Task requirements ▸ Starting at the first line of the data, print each line verbatim up to and including the line bearing "Sheet Music by", omitting pictures.

Provided material ▸
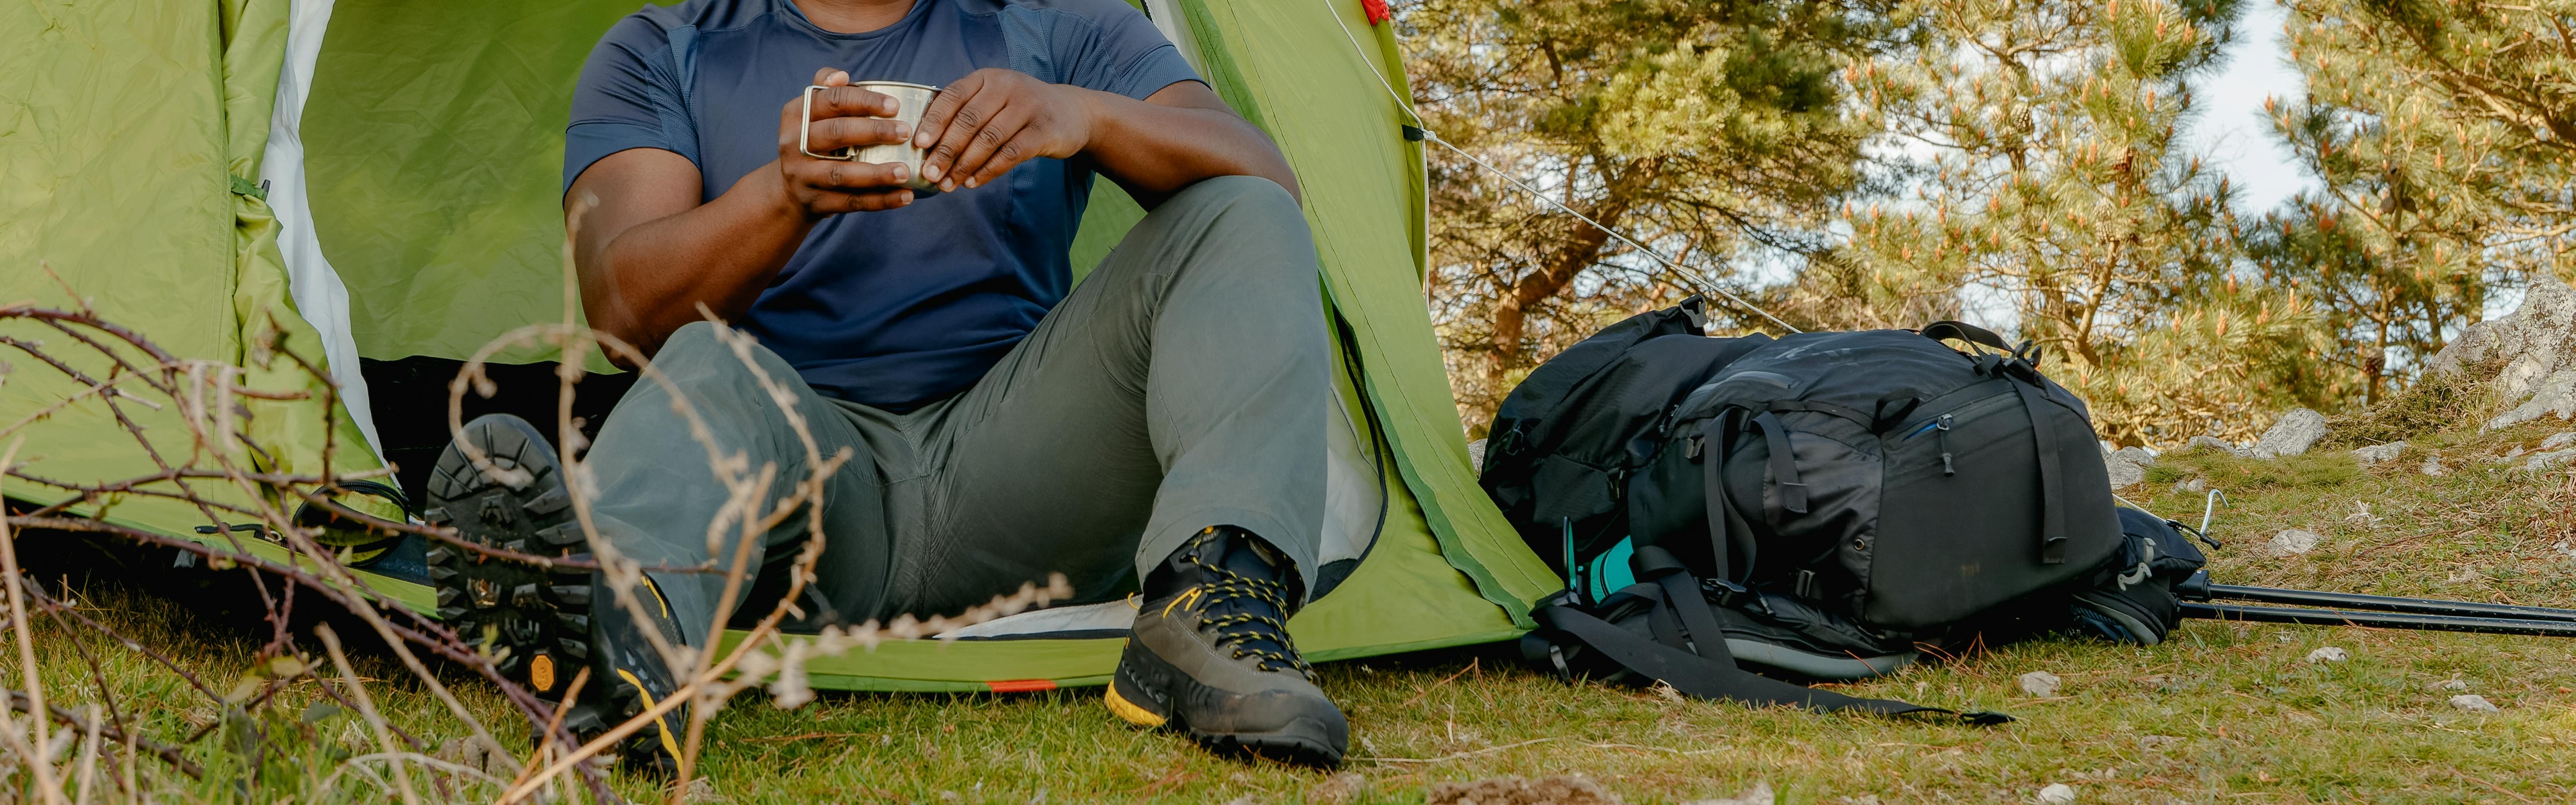 9 common mistakes to avoid while hiking and camping - Lonely Planet
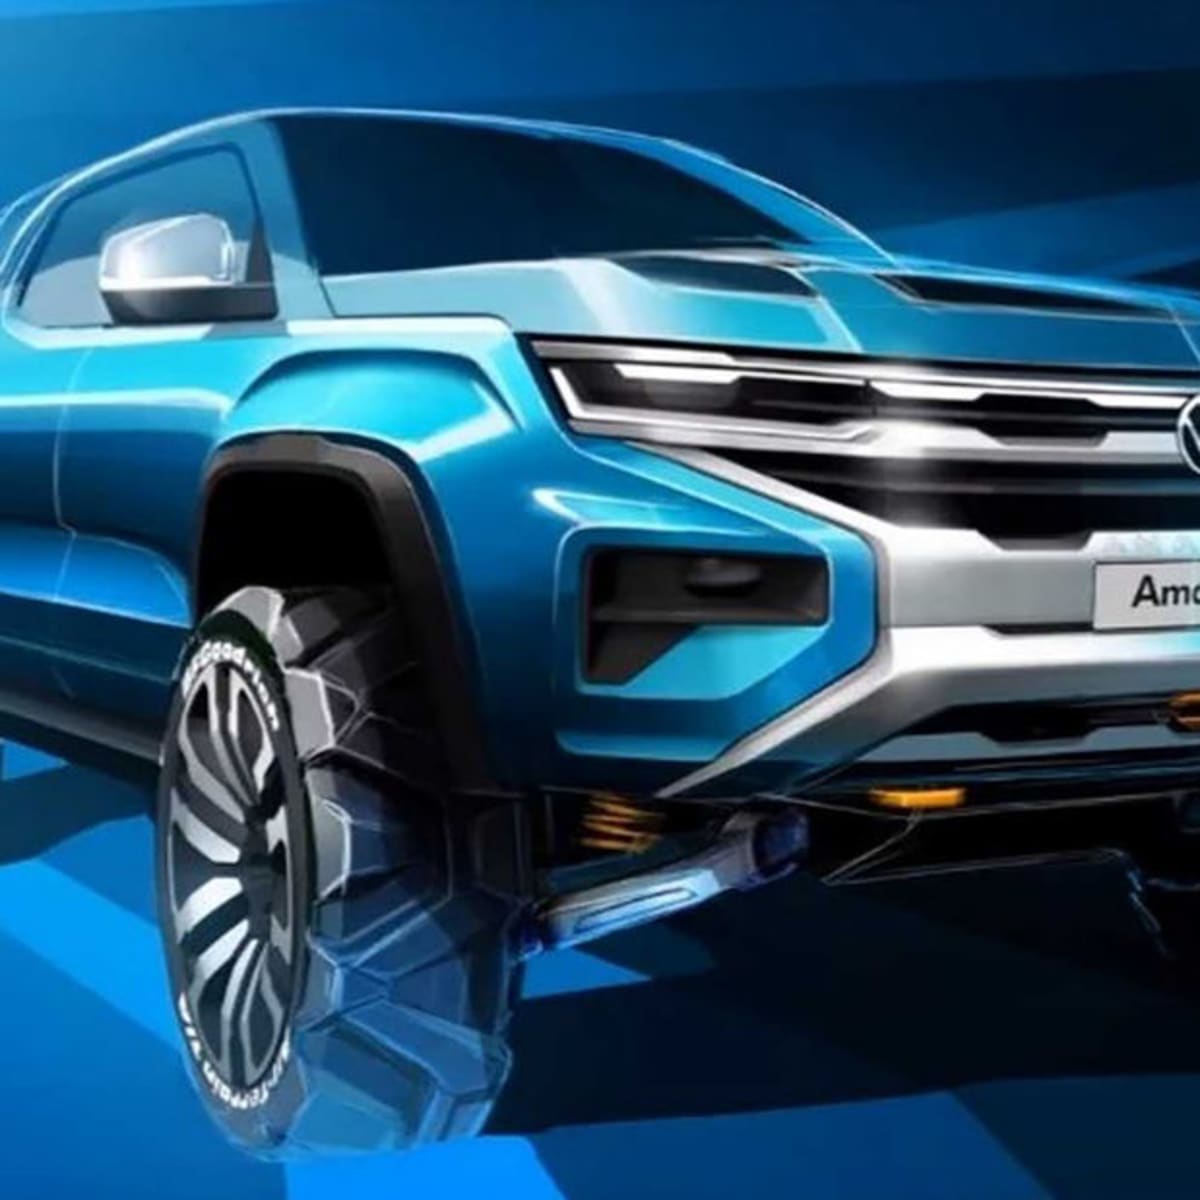 2022 Volkswagen Amarok What We Know So Far And What We Want To
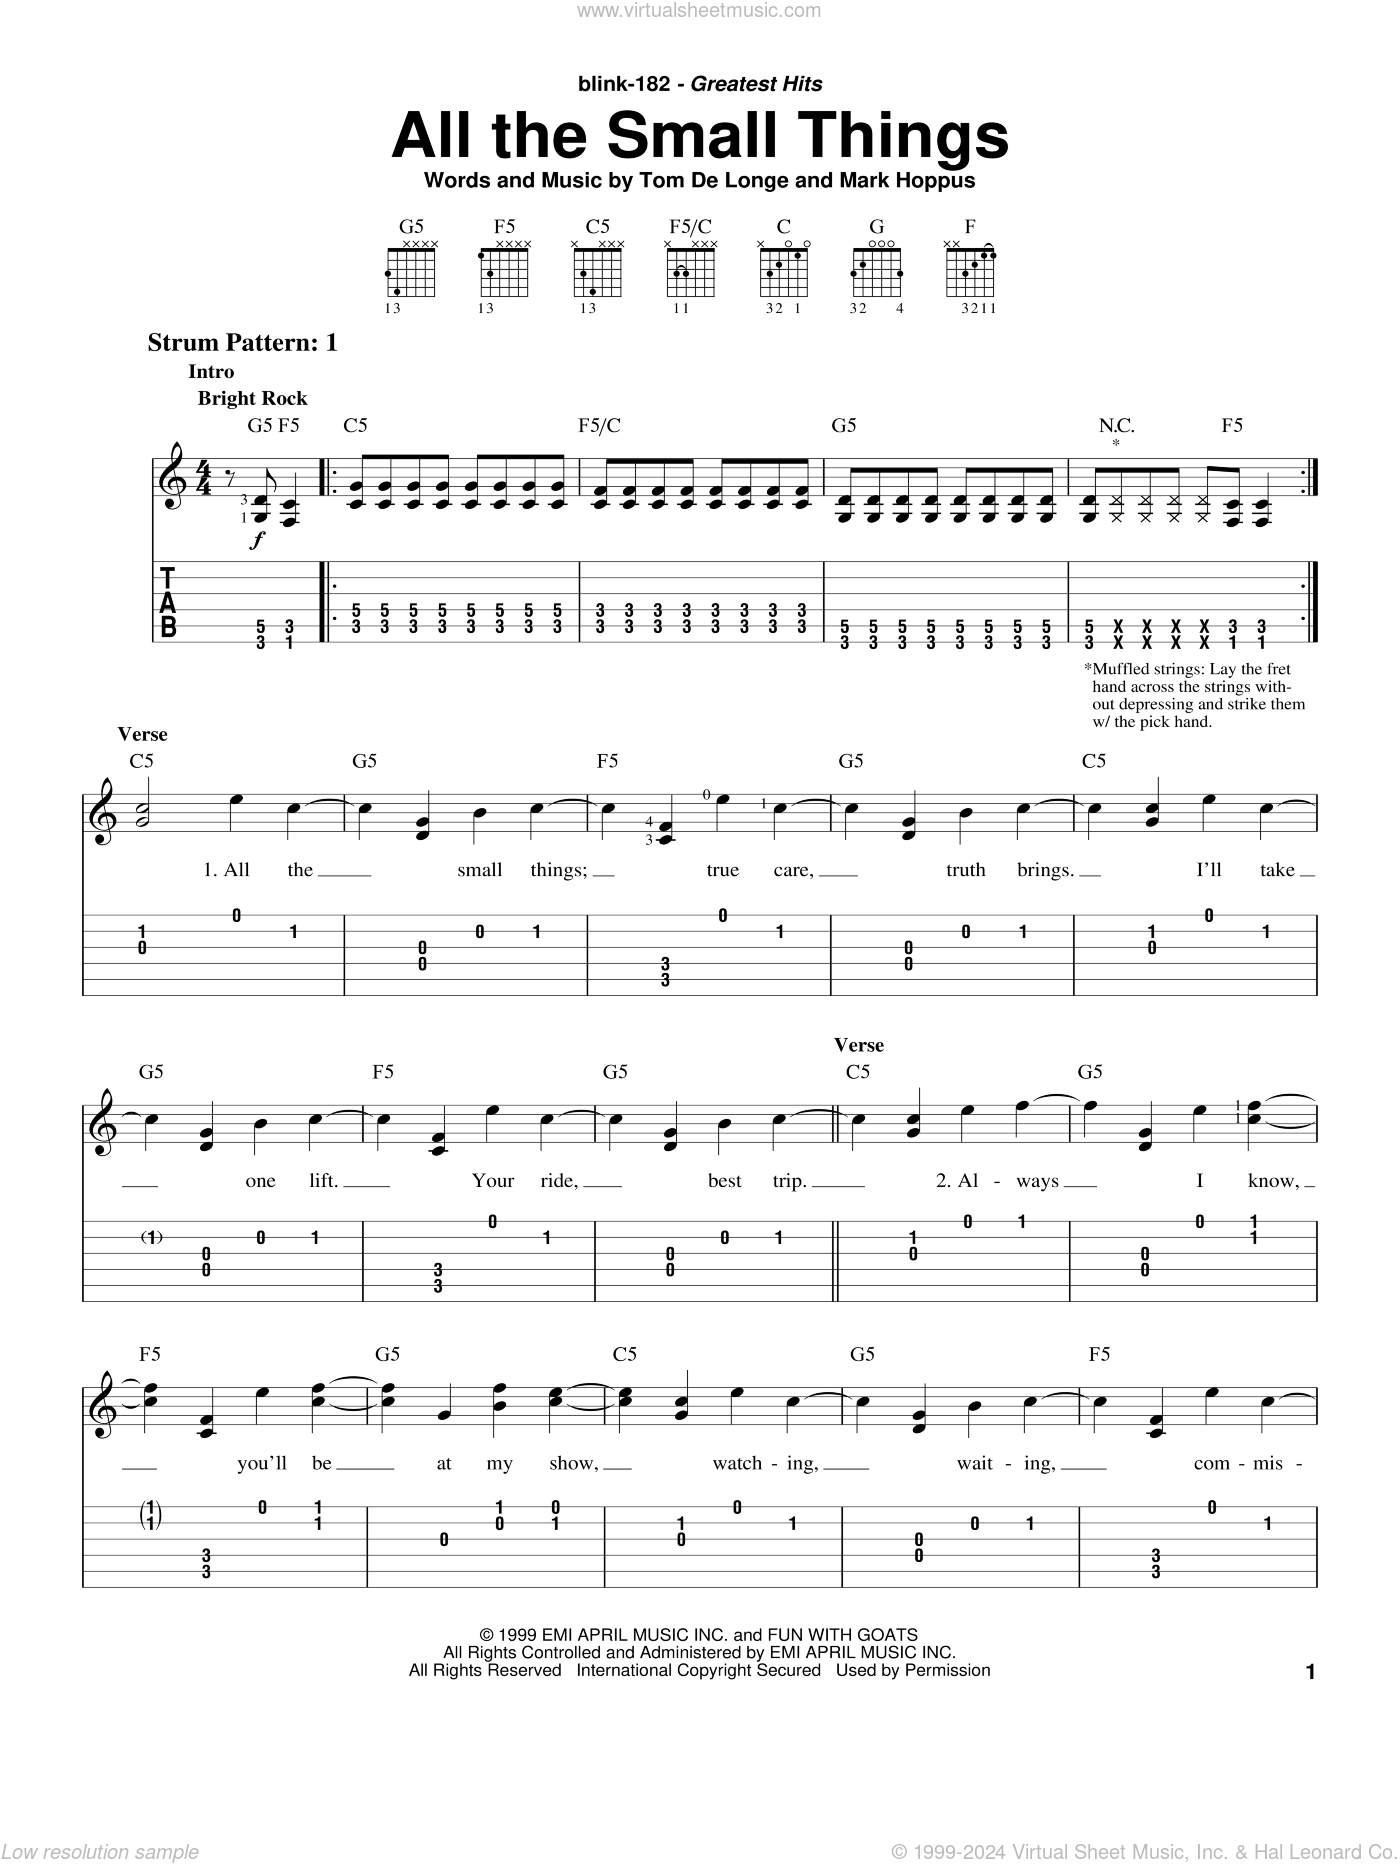 I Miss You" Sheet Music by blink-182 for Guitar Tab/Vocal - Sheet  Music Now
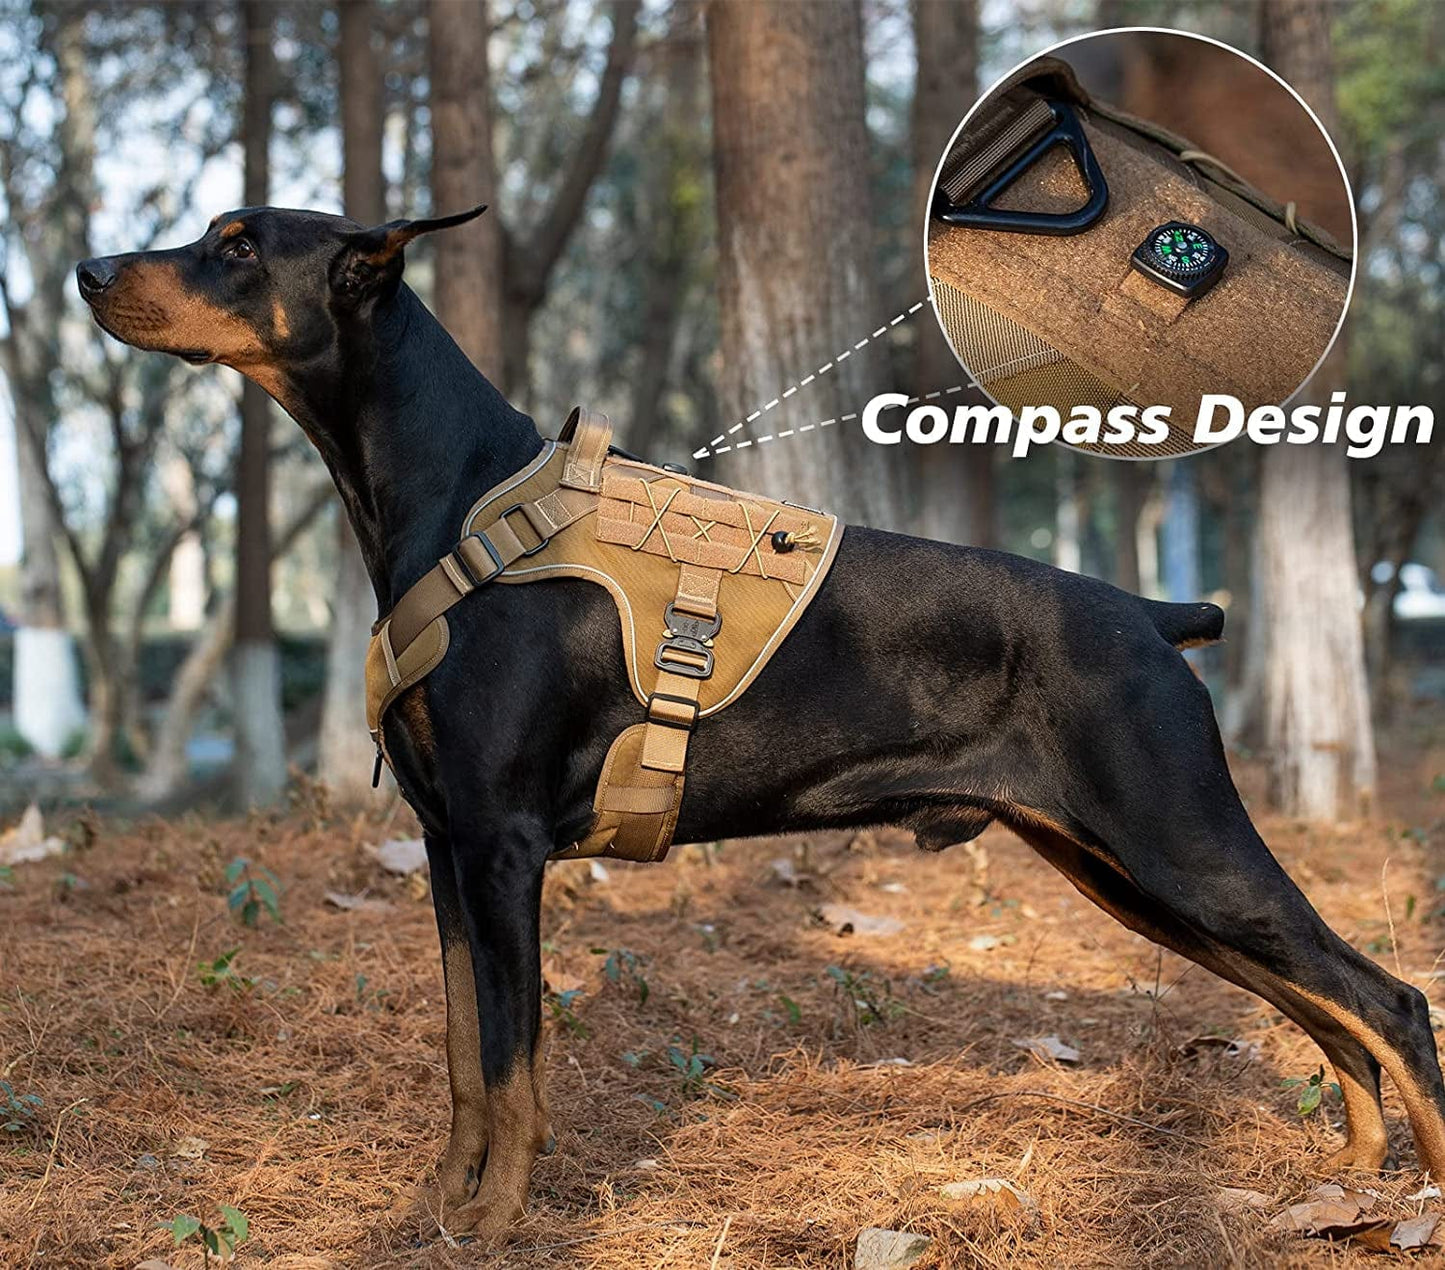 DNALLRINO Tactical Dog Harness for Large Medium Dogs, Heavy Duty Military Dog Harness with Handle, Adjustable No Pull Service Dog Harness with Molle & Loop Panels for Hiking Walking Training

Output ▸
 9 common mistakes to avoid while hiking and camping - Lonely Planet
 2022 Volkswagen Amarok What We Know So Far And What We Want To
 I Miss You" Sheet Music by blink-182 for Guitar Tab/Vocal - Sheet  Music Now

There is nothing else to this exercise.